Представить, что денди Дольской позволял себе ходить в совершеннейшем затрапезе, Ксения Светозарова просто не могла. Она даже зажмурилась, пытаясь преодолеть наваждение, но, открыв глаза, не заметила ни малейшей перемены в образе хозяина особняка: странный тип, сочетавший в себе грубость Ноздрева с убожеством Плюшкина, в отсвете недовольно шипящей свечи продолжал колдовать над портретом. Вот он снова прервался, достал из складок своей хламиды карманное зеркальце и некое подобие пудреницы размером всего с полтинник. Ногтем указательного пальца Дольской колупнул крышку «пудреницы», а, открыв, высыпал на стекло дорожку белого порошка, причем руки его дрожали. «Неужели кокаин?! Только не это — так низко пасть! Я не должна ему позволить…» Но Ксения не успела и рта раскрыть, не успела даже протянуть руки в сторону князя, как тот уже вдохнул в себя губительную «пудру», повернулся к ней лицом и, точно лунатик, с широко раскрытыми глазами, сам пошатываясь, ощупывая пространство, пошел в направлении балерины.

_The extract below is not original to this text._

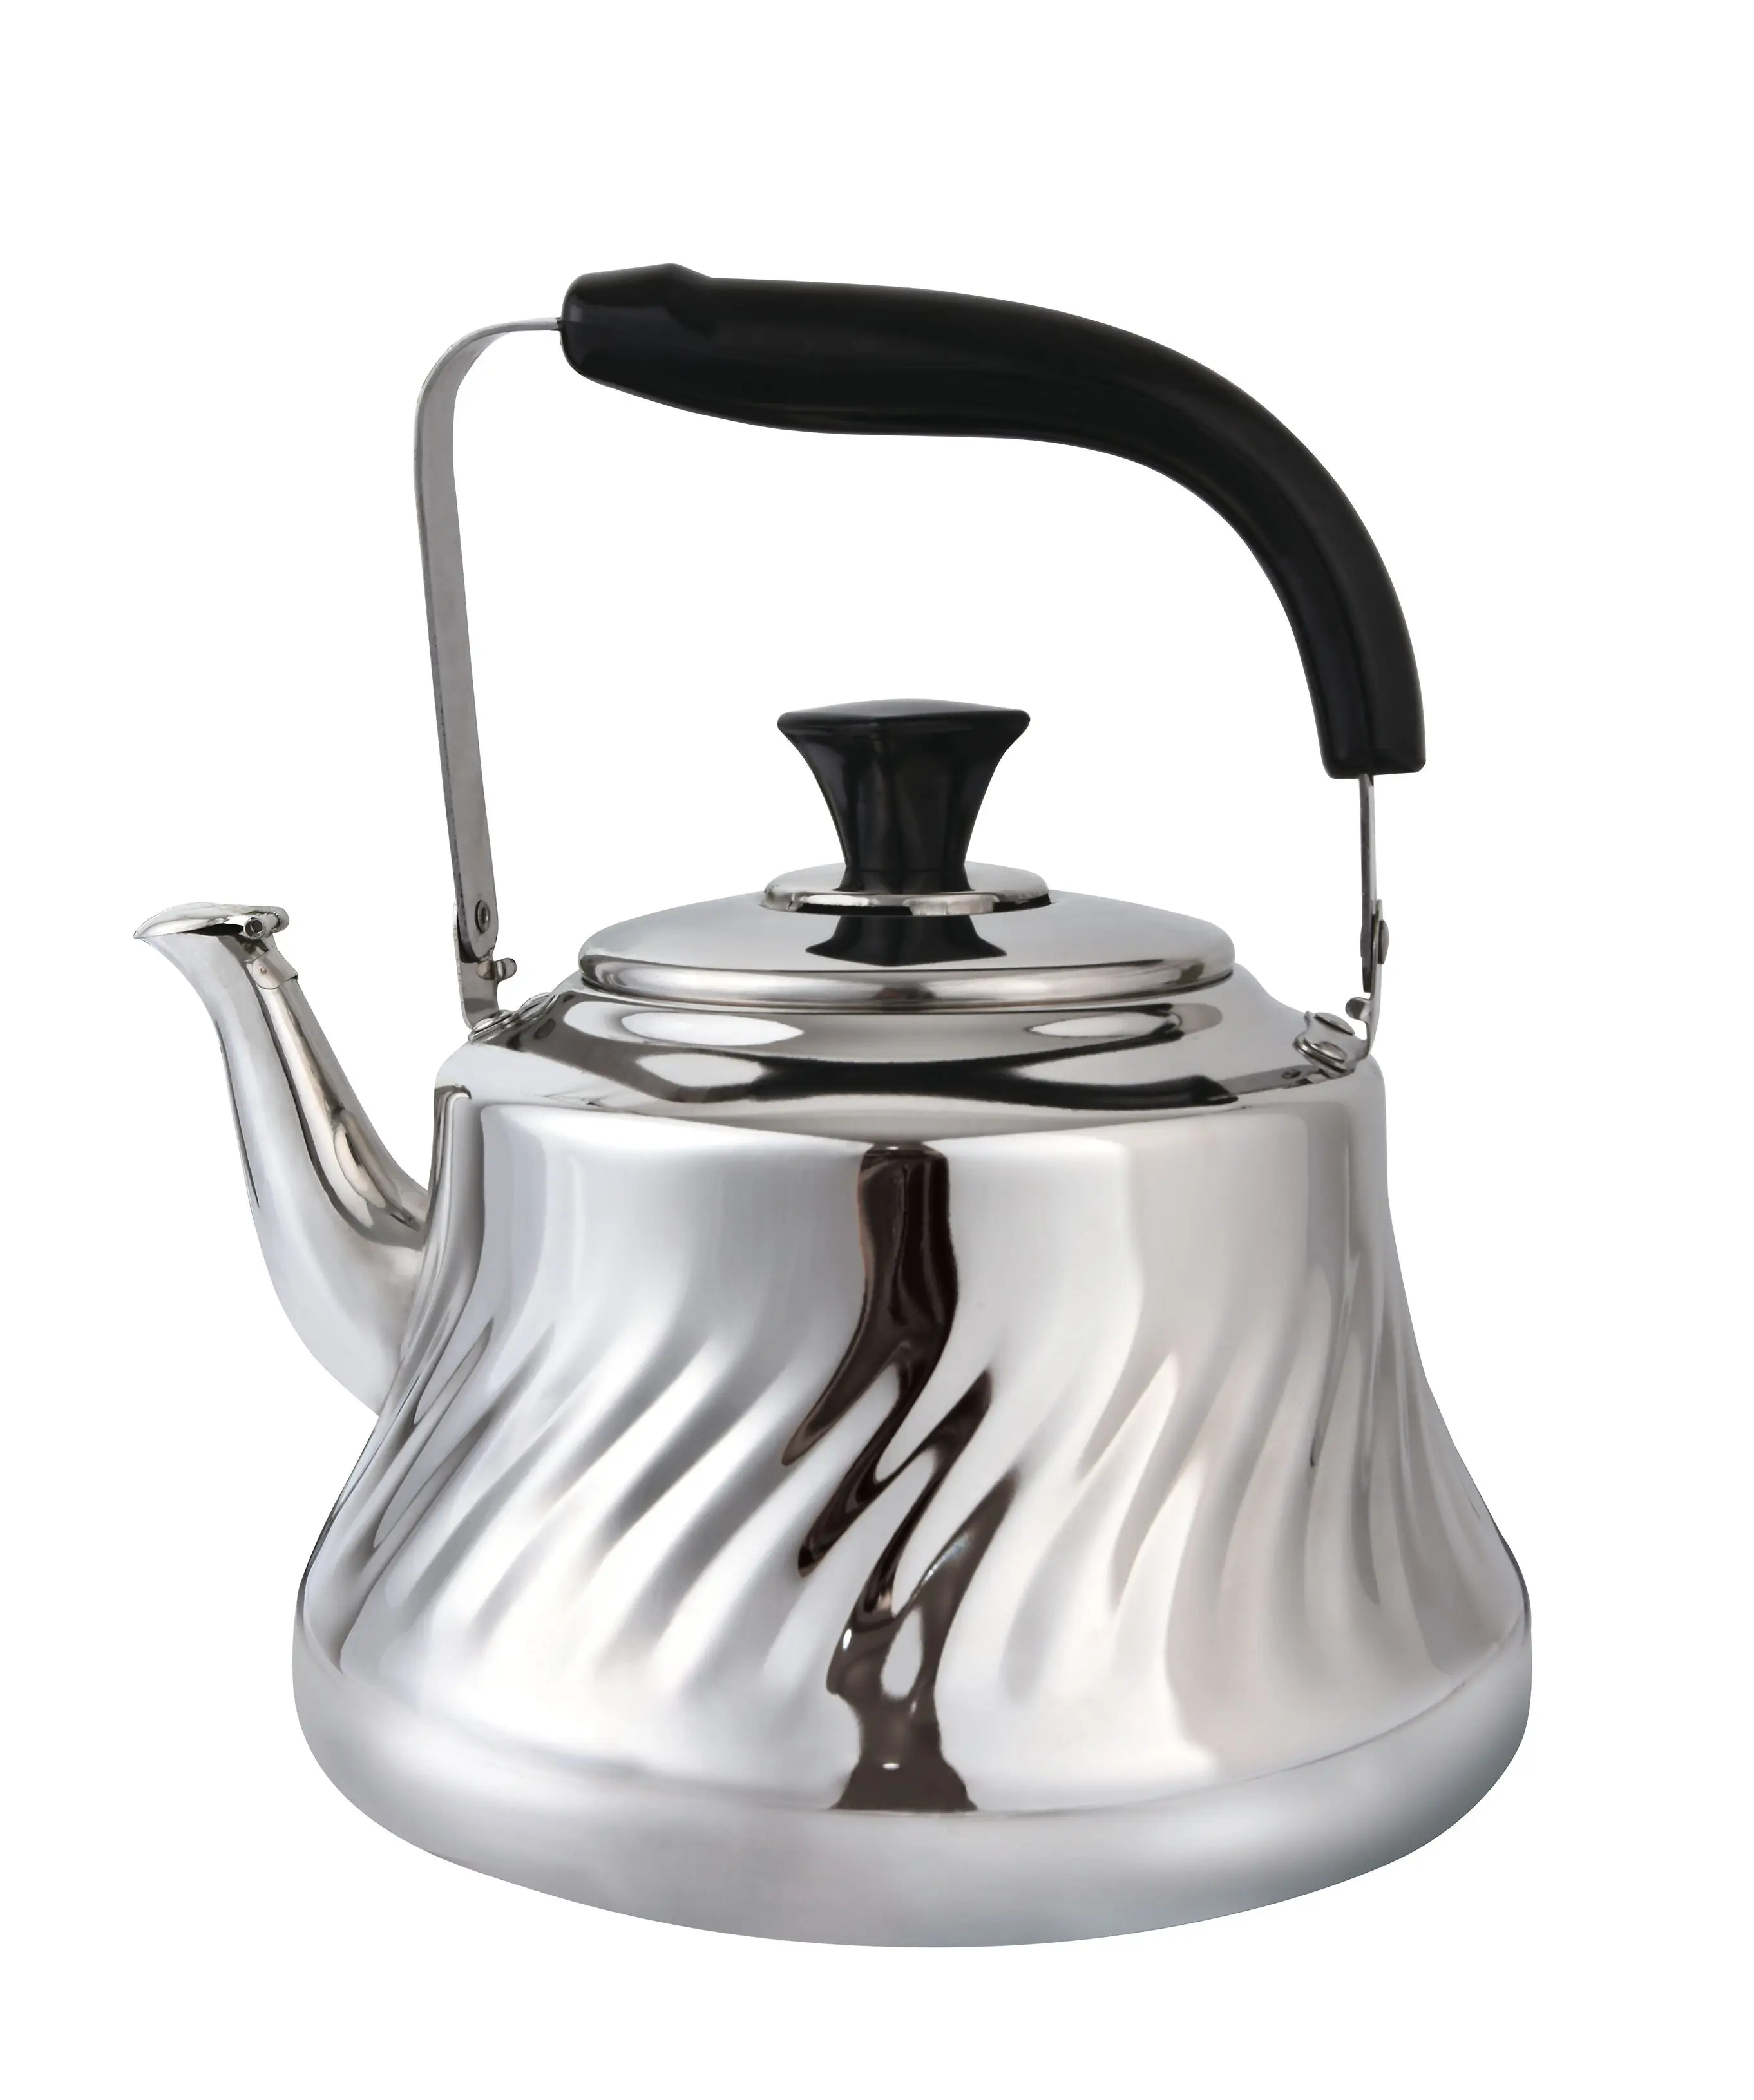 Durable Japanese style teapot with infuser of japanese teapot for home use

Та попятилась, испугавшись остекленевшего взгляда. Дар речи еще не вернулся к ней, и только в мозгу пульсировало: «Ослеп… совсем ослеп!» Ксения очертя голову бросилась искать выход — может быть, все-таки удастся открыть, тогда она выбежит на улицу, будет умолять о помощи. «Есть же здесь городовые, в конце концов? Нужно что-то делать, что-то предпринять…» Вместо двери балерина наткнулась на лестницу, хватаясь за перила, мигом взбежала наверх. На антресолях было куда темнее, чем внизу: с трудом угадывался еще один мольберт. Большой квадрат грунтованного холста на нем белел и в темноте. «Тупик — дальше только крыша!» В отчаянии Ксения стала шарить по стене, теперь уже надеясь только на чудо, все время мысленно призывая Николая Угодника. И Чудотворец услышал: пальцы нащупали дверную ручку! Дверца подалась, впереди был очередной коридор, пускай совсем узкий, как кишка, и длинный, но зато в конце горел электрический свет. Через крышу слышался вой декабрьского ветра, впрочем, это никак не занимало балерину — перед ней открылась, может быть, последняя возможность спасти несчастного князя (о себе Ксения в этот момент не думала совсем). Она всей душой устремилась к свету, но еще на полпути капризный женский голос мгновенно опустил ее с небес на землю:

— Евгений!!! Ну, Евгений же! Неприлично заставлять дам столько ждать — на-до-е-ло! Да где вы там?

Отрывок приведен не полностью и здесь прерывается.